Rival Honduran Gangs in Truce to End Spiral of Violence

Barbed wire on top of prison gate


In Honduras, masked members of the “Calle 18” and “Mara Salvatrucha” gangs recently made separate announcements from within San Pedro Sula prison in northern Honduras, which houses the country’s most violent criminals. They were following the example set by similar gangs in El Salvador.
“Today we’re agreeing to zero crimes, zero violence on the streets,” the member of the Mara Salvatrucha gang said of the nationwide ceasefire. “Both inside and outside, the boys know what we’re talking about.”
“We want change; from now on comes the positive,” he added. When he spoke he was flanked by Romulo Emiliani, the bishop of San Pedro Sula, and Adam Blackwell, Secretary for Multidimensional Security at the Organization of American States, who brokered a similar deal in El Salvador between the two most violent gangs there.
Both gang members said they were keen to end the cycle of violence, but also demanded help from the government to find work and to be forgiven once they come out of prison.
Honduras has the highest murder rate in the world, according to the United Nations, with 87 killings per 100,000. San Pedro Sula, the country’s second city and industrial hub, is the world’s most murderous city. In December 2009, the head of the government’s drug control office was shot dead by suspected cartel hitmen in the Honduran capital, Tegucigalpa. The country’s top anti-money laundering official was murdered in April.

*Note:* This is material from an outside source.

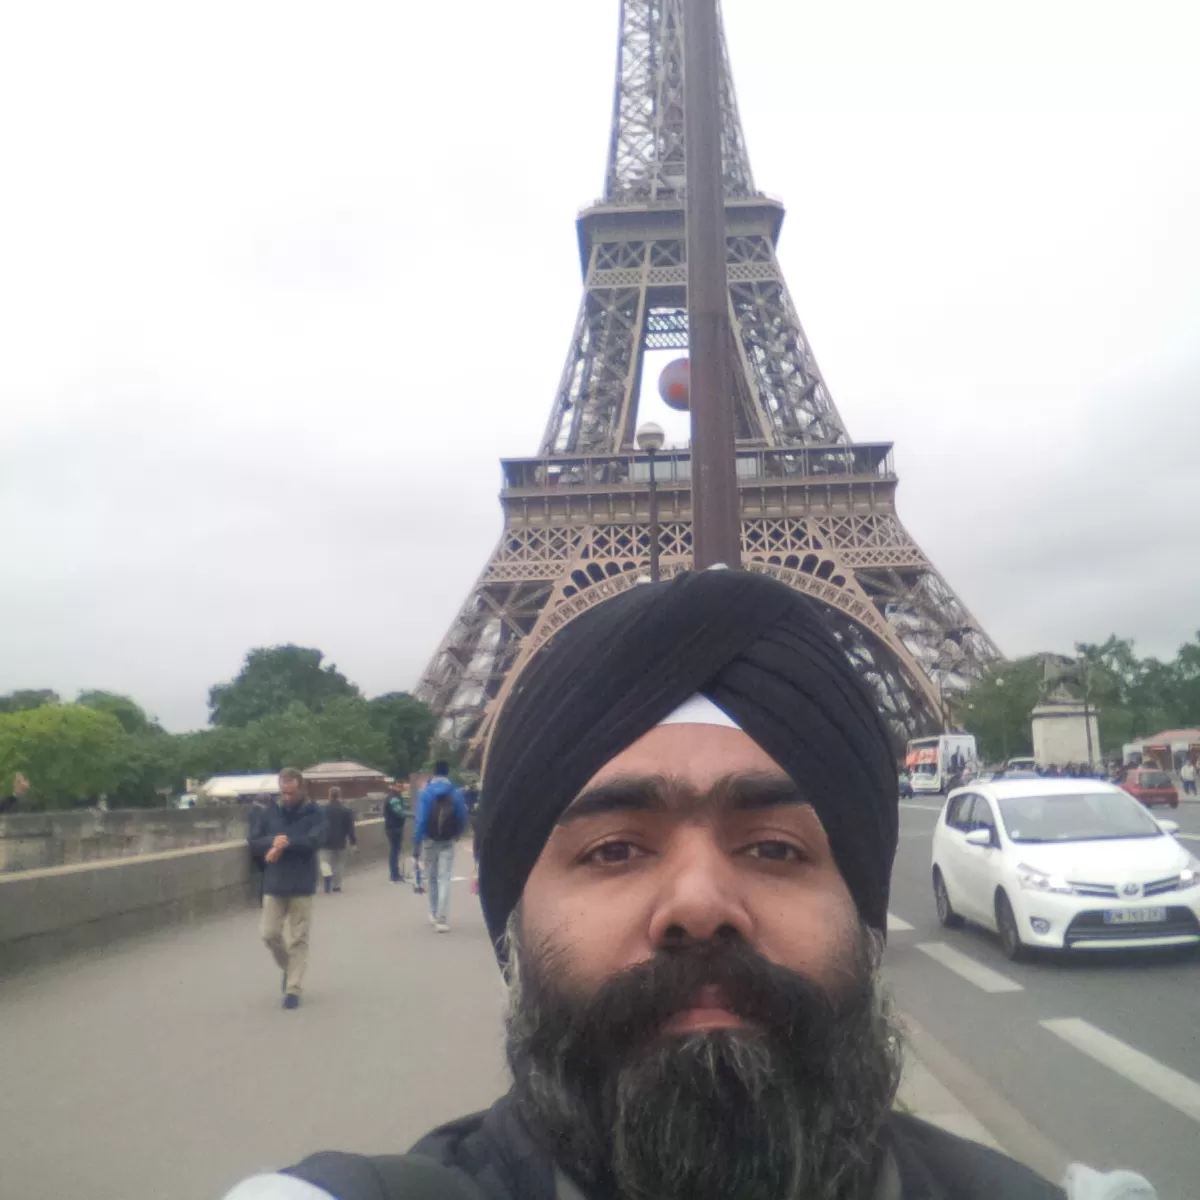 Photo of Eiffel Tower By Charandeep Singh
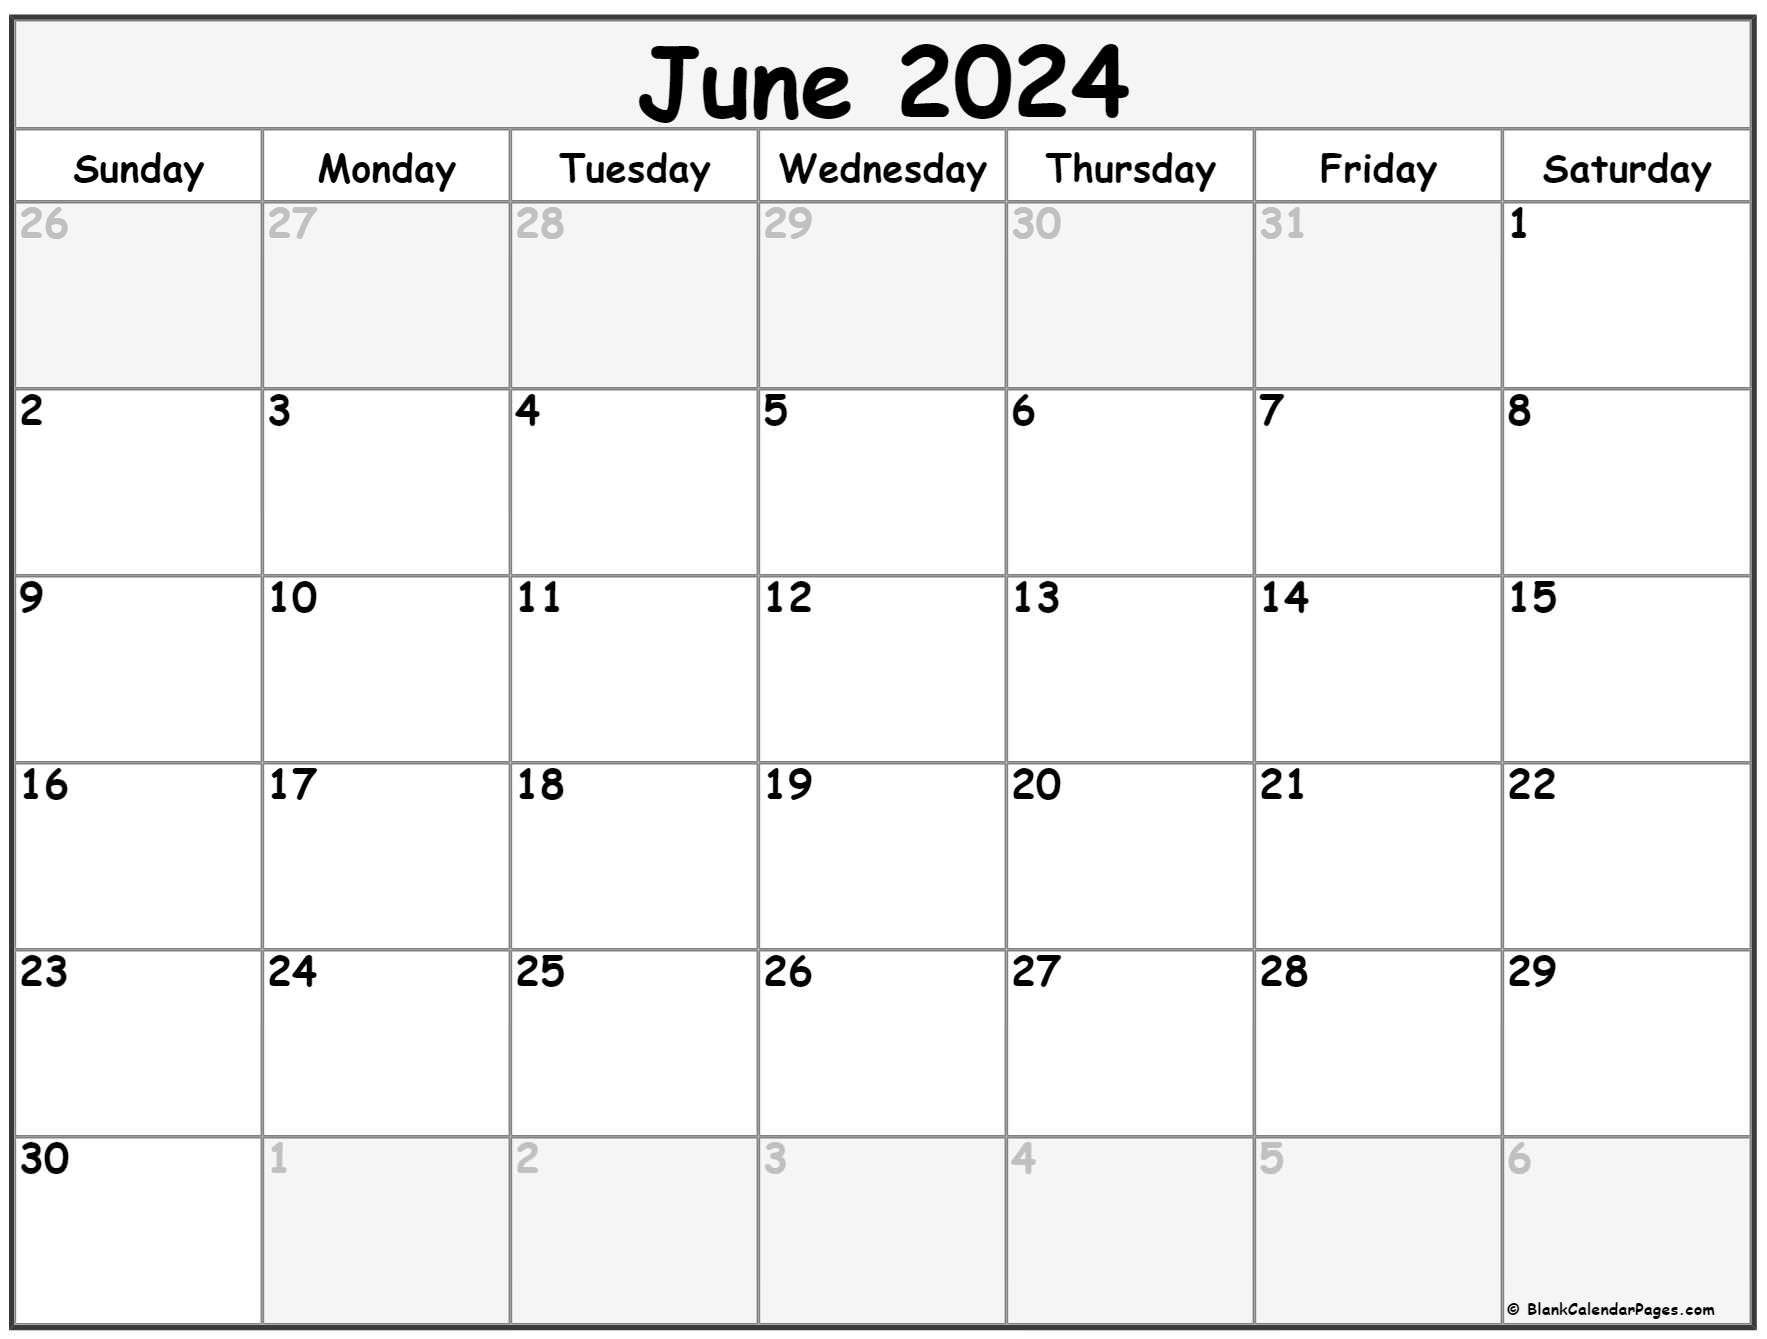 June 2024 Calendar | Free Printable Calendar for Calendar June 2024 Free Printable

Honduran President Porfirio Lobo gave his blessing to Emiliani’s efforts to broker peace between the gangs, but said the government would ensure the law is upheld if peace falters.
“The state will keep strengthening its criminal investigations in order to impose order,” he said.
Bishop Emiliani has a history of trying to negotiate peace between the cartels in San Pedro Sula and its anarchic prison and has arranged social rehabilitation programs for former members.
“This is the beginning of something new, but it’s not the end,” he told Reuters. “This is a covenant between the gangs and Honduran society.”
Last year El Salvador’s two largest street gangs, which go by the same names as their Honduran counterparts but have independent leadership structures, signed a pioneering truce that cut the country’s murder rate by half in just four months.